RE: E-Commerce

by "Michael Wilson" <mwilson(at)xionmedia.com>

 Date:  Tue, 13 Nov 2001 17:35:47 -0500
 To:  "'Darrell'" <darrell(at)webctr.com>,
<hwg-business(at)hwg.org>
 In-Reply-To:  webctr
  todo: View Thread, Original
Hi,

> 2) A 'shopping cart' software application to allow shoppers 
> to collect purchases prior to checking out

You don't _have_ to use software per say, but you would need some type
of system to track users and "remember" what items they want to
purchase. Some carts are actually installed software applications
written in a compliable language like C++, where others are web based
applications written in some type of scripting language like ColdFusion
or ASP -- not software.

> 3) A checkout procedure (form) to collect the information 
> necessary to calculate and process payment

I would generally consider this part of the shopping cart.
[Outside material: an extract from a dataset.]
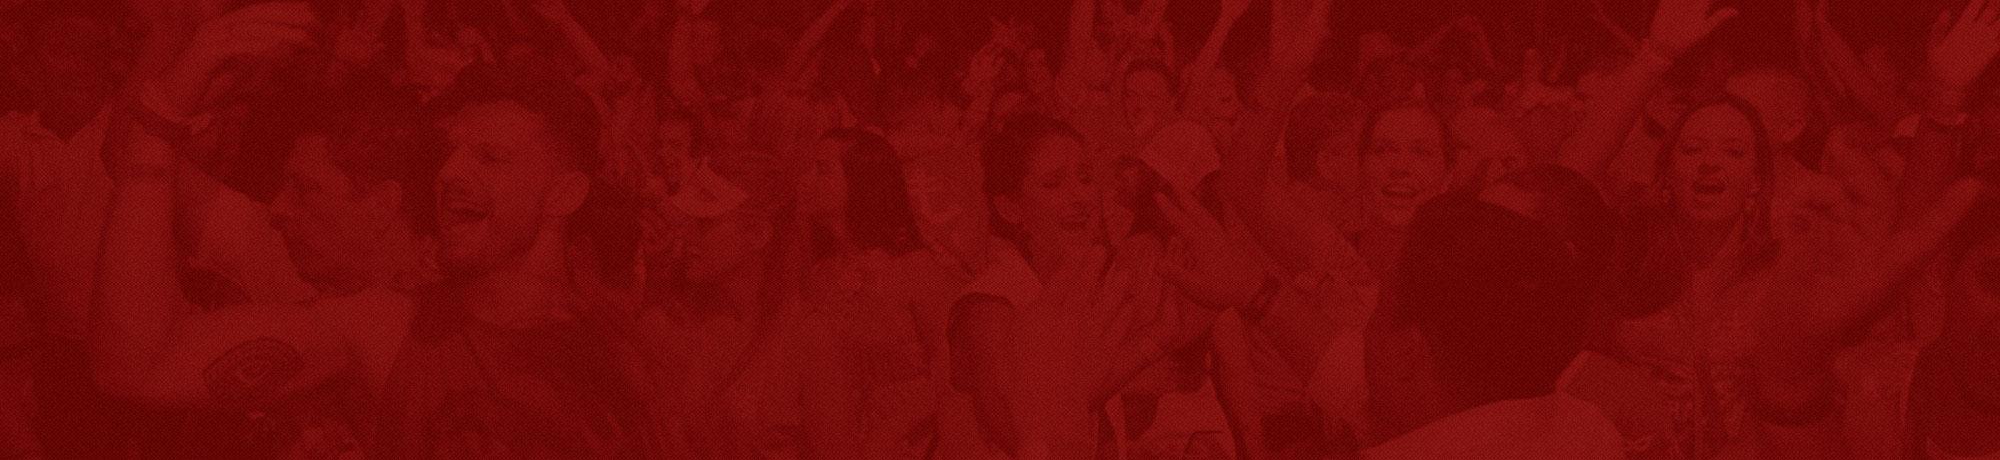 Save the date: 21/fev – Carnaval Vermelho e Branco – Siga o seu ritmo

I mean
technically all you're doing with the 'cart' is storing data for use in
the check out form. I would view any shopping cart system without a
checkout interface as incomplete.

> 4) A gateway service to process debit requests

Again, this is not required. You could simply have the all or part of
the order emailed to you. You could then process the order manually with
a terminal or software supplied to you by your merchant account
provider. You loose some built-in security and fraud protection in the
process, however there are ways to regain both on the back end.

My point is not to argue the above examples as wrong, but to say that
there are alternatives depending on your needs.